He shook hands and left her, and half an hour later he called at her son's office. The office boy showed him in and he held out his hand. Darwen grasped it with a warm friendly smile.
"In the presence of other people," Carstairs said, as the door closed behind the office boy, "we are friends, because your mother is one of the best women on this earth. How she came to have such a whelp as you, Lord only knows. Do you agree?"
"My dear chap, I am honoured and delighted. It is not often one gets an opportunity of shaking an honest man by the hand, even though the excuse for doing so is a lie." He smiled his most charming smile. "You're putting on weight, Carstairs."
"Yes, but I'm in the pink of condition."
"So am I."
"That's good. Your mother isn't looking so well."
"No, I've noticed it myself." A shade of real anxiety passed across Darwen's face.
Carstairs noted it, and his opinion of Darwen went up; he stepped up close. "Look here," he said, "she was worried because she thought her son was a damned rogue. I've told her—at least given her to understand, that he is not, and you'll find her looking a different woman. Do you see?" He turned and went out.
Darwen sat back in his chair lost in thought. "That man always makes me think. Wonderful man, wonderful man. Damn him!" He sat up suddenly and went on with his work.

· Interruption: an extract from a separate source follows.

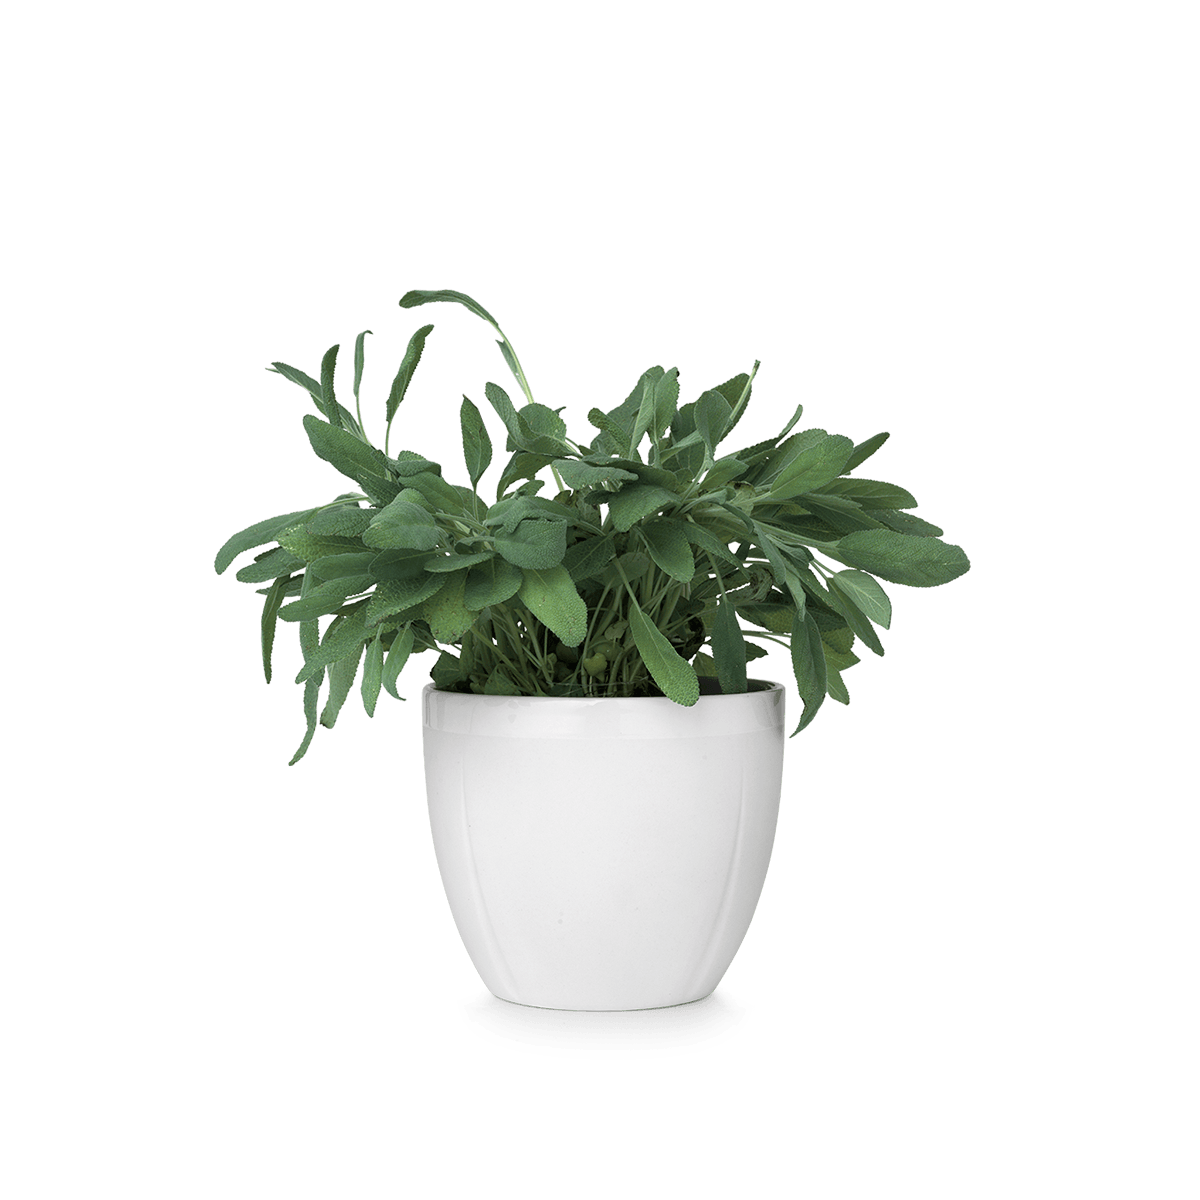 Small Pot Flower HD Image Free PNG Image

That night Carstairs reached Southville; he got out and put up at a hotel for the night. Before going to bed he went out and strolled round the town in the silence of the late evening. Old memories crowded back on him, and although they were not always of pleasant happenings, the taste of them was sweet; he had progressed since then, and he felt, in the bones of him, he knew, that he was going forward. His steps turned mechanically towards the electric lighting works, and before he quite realized where he was going, he found himself facing the old familiar big gates with the little wicket at the side. He looked at his watch. "Eleven o'clock! Wonder who's on." He paused a minute, then opened the wicket and went in. "Probably some of the men who knew me are still here," he thought.